START RECORDS SUPPLIED

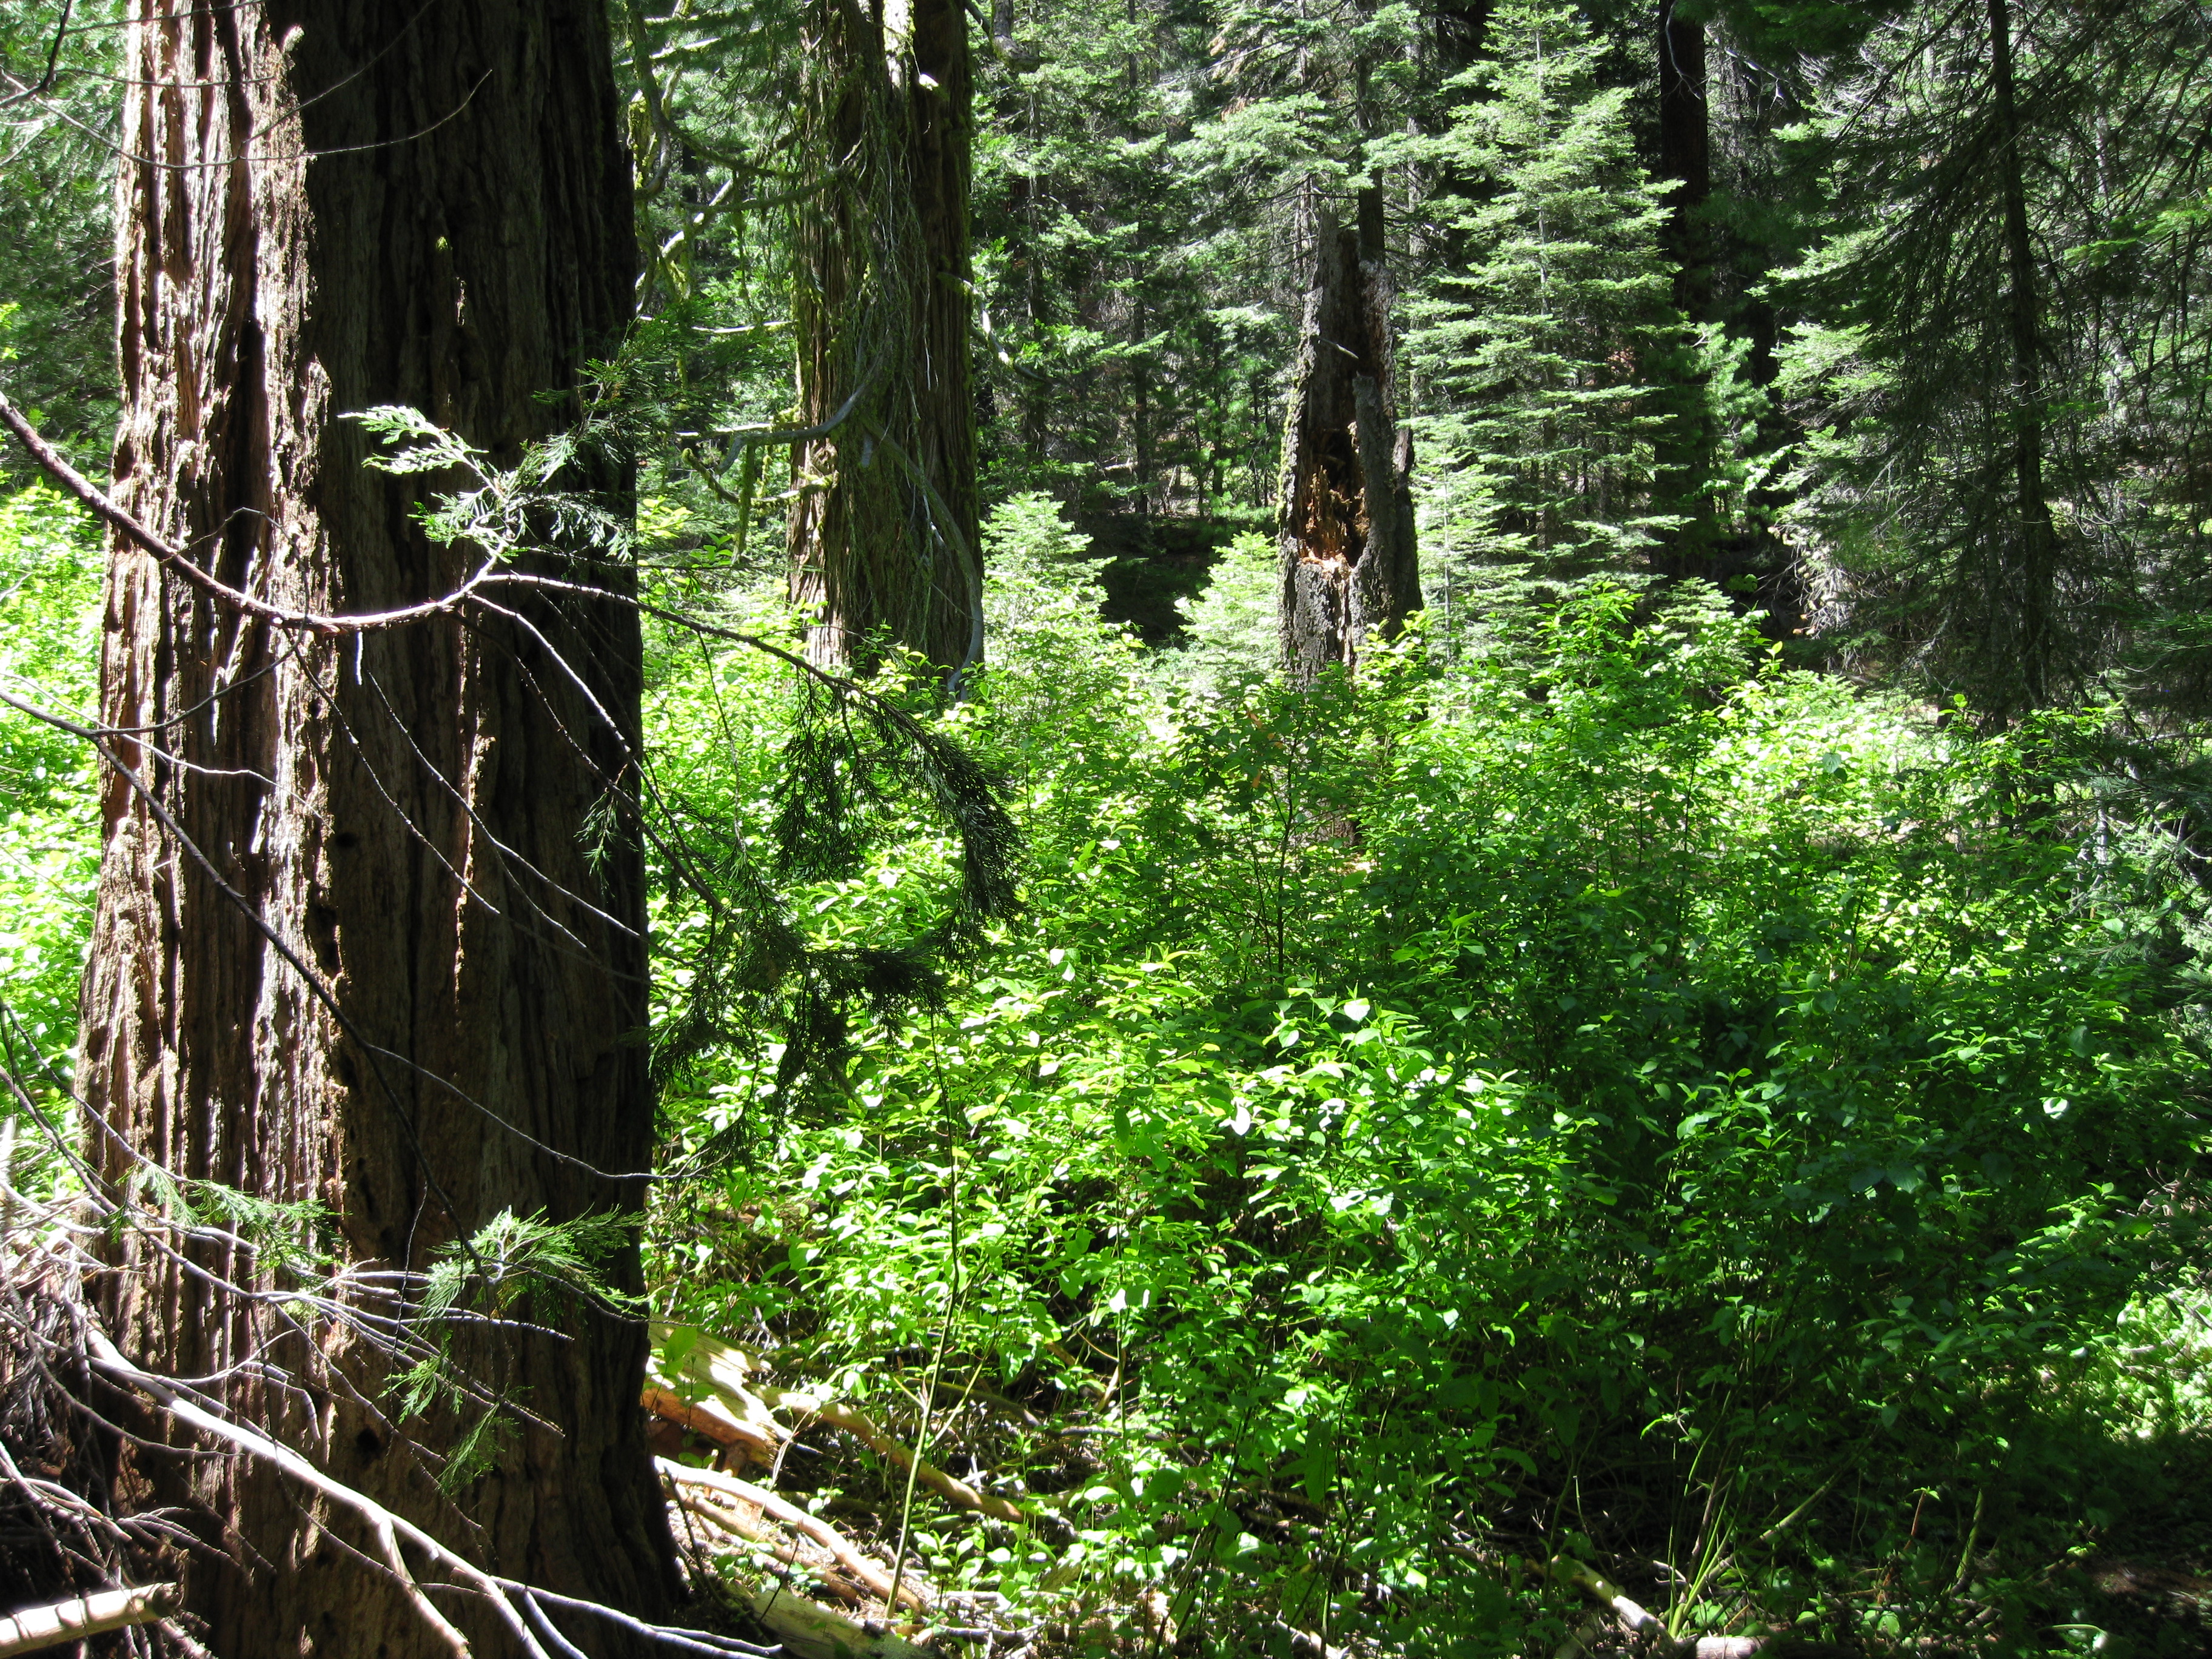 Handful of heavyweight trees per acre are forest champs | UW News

END RECORDS SUPPLIED
START RECORDS SUPPLIED

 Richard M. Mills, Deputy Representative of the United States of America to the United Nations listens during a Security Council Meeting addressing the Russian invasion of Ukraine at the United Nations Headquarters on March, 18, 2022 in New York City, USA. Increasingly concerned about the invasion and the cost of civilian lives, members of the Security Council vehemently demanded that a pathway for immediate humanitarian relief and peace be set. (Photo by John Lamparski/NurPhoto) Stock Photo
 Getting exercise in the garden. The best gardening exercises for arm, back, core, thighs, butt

END RECORDS SUPPLIED
START RECORDS SUPPLIED

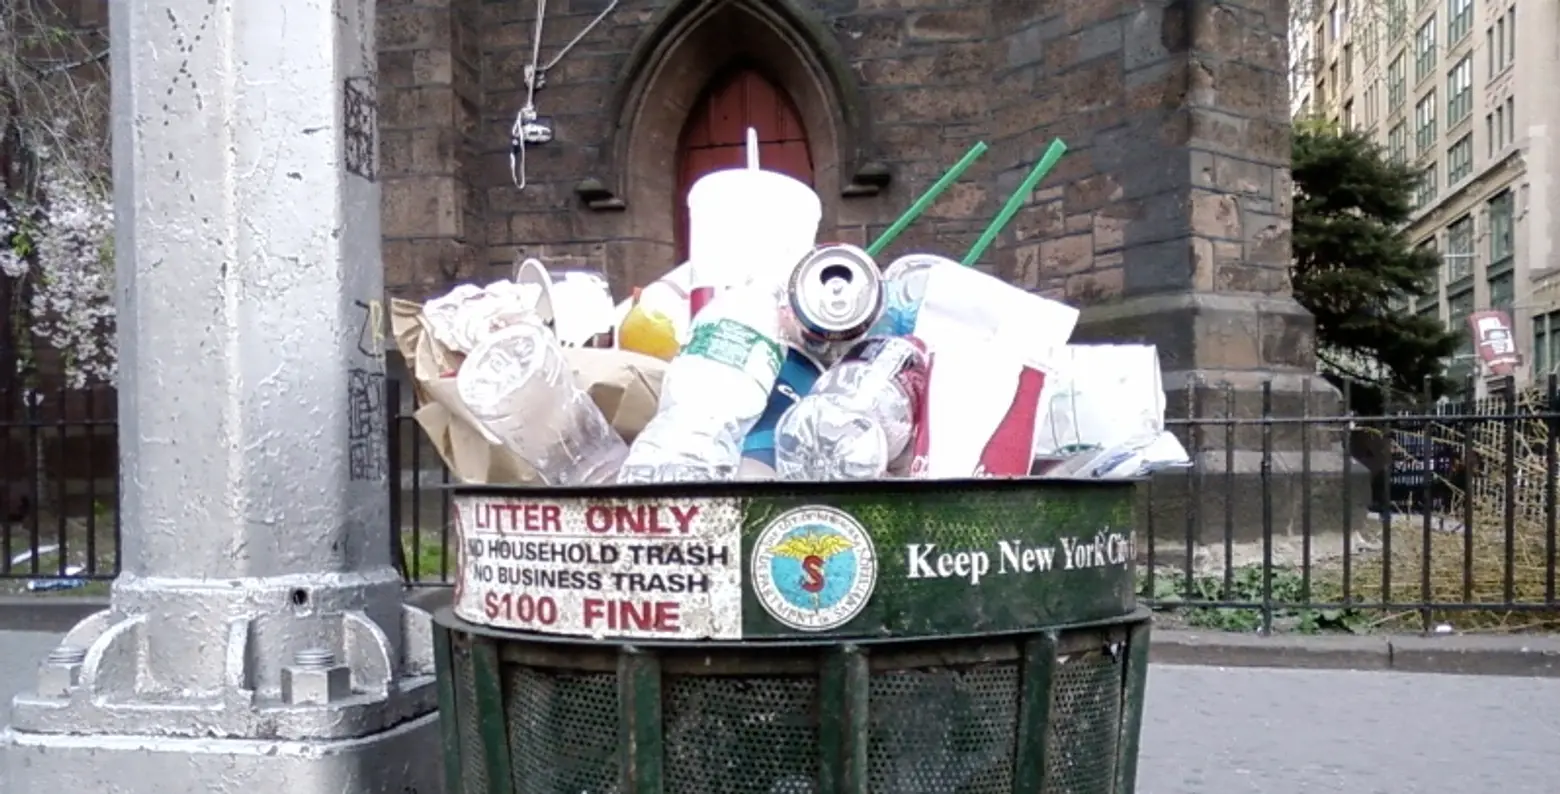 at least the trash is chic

END RECORDS SUPPLIED

In the listing above, find the line containing "Richard M. Mills, Deputy" and the line containing "Getting exercise in". Output them and every line between, exactly, and nothing else.

 Richard M. Mills, Deputy Representative of the United States of America to the United Nations listens during a Security Council Meeting addressing the Russian invasion of Ukraine at the United Nations Headquarters on March, 18, 2022 in New York City, USA. Increasingly concerned about the invasion and the cost of civilian lives, members of the Security Council vehemently demanded that a pathway for immediate humanitarian relief and peace be set. (Photo by John Lamparski/NurPhoto) Stock Photo
 Getting exercise in the garden. The best gardening exercises for arm, back, core, thighs, butt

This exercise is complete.